IT词库、财经词库、成语词库、地名词库、历史名人词库、诗词词库、医学词库、饮食词库、法律词库、汽车词库、动物词库
31. PDF table data extraction tool
repo: camelot-dev/camelot
32. Regular matching of domestic phone numbers (three major operators + virtual etc.)
repo: VincentSit/ChinaMobilePhoneNumberRegex
33. User name blacklist list:
repo: marteinn/The-Big-Username-Blacklist
Contains a list of prohibited user names, such as:
administrator
administration
autoconfig
autodiscover
broadcasthost
domain
editor
guest
host
hostmaster
info
keybase.txt
localdomain
localhost
master
mail
mail0
mail
34. Microsoft multilingual numbers / units / such as date and time identification package:
repo: Microsoft/Recognizers-Text
35. chinese-xinhua Chinese Xinhua dictionary database and api, including common Xiehou, idioms, words and Chinese characters
repo: pwxcoo/chinese-xinhua
36. Automatic generation of document atlas
repo: liuhuanyong / TextGrapher
-
TextGrapher-Text Content Grapher based on keyinfo extraction by NLP method.

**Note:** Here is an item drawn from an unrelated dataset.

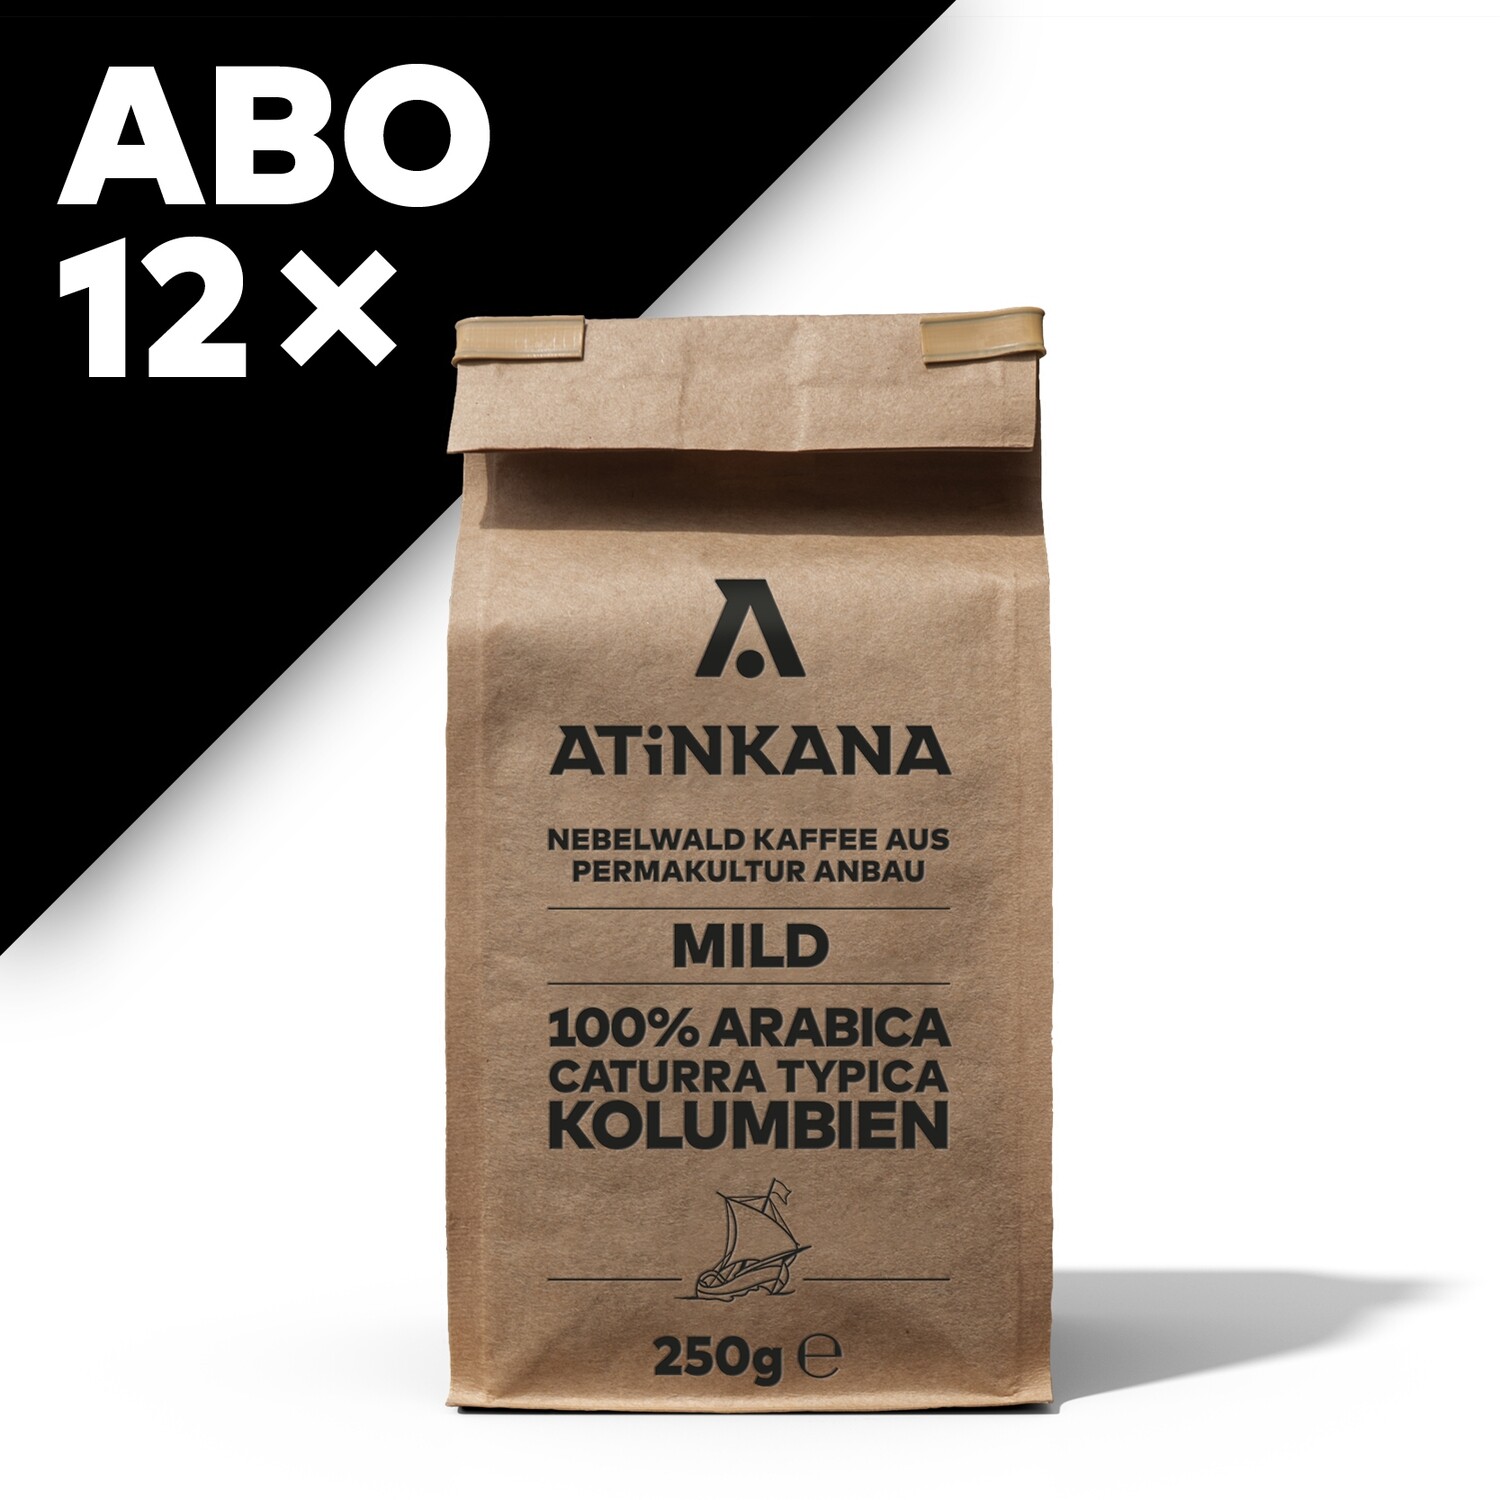 12 × Atinkana Kaffee 250g Mild ABO

Enter a document, extract the key information of the document, structure it, and finally organize it into a graph organization form to form a graphical display of the semantic information of the article
37. Numbers in 186 languages are called Faku
repo: google/UniNum
38. Traditional and Simplified Conversion
repo: berniey/hanziconv
39. Chinese character feature extractor (featurizer), which extracts the features of Chinese characters (pronunciation features, glyph features) for deep learning features
repo: howl-anderson/hanzi_char_featurizer
40. Chinese Abbreviation Data Set
repo: zhangyics/Chinese-abbreviation-dataset
41. Wudao Dictionary-The command-line version of Youdao Dictionary, which supports English-Chinese mutual search and online query
repo: ChestnutHeng / Wudao-dict
42. The Best Chinese Numbers (Chinese Numbers) -Arabic Number Conversion Tool
repo: Wall-ee/chinese2digits
43. LineFlow: NLP data efficient loader for all deep learning frameworks
repo: tofunlp/lineflow
44. Parsing and converting natural language numeric strings to integers and floating-point numbers
repo: jaidevd/numerizer
45. Large list of English swear words
repo: zacanger/profane-words
In addition, this repo also contains a lot of data sets, but it is also quite messy. Xiao Xi has passed it here, and friends who need it can go through the repo.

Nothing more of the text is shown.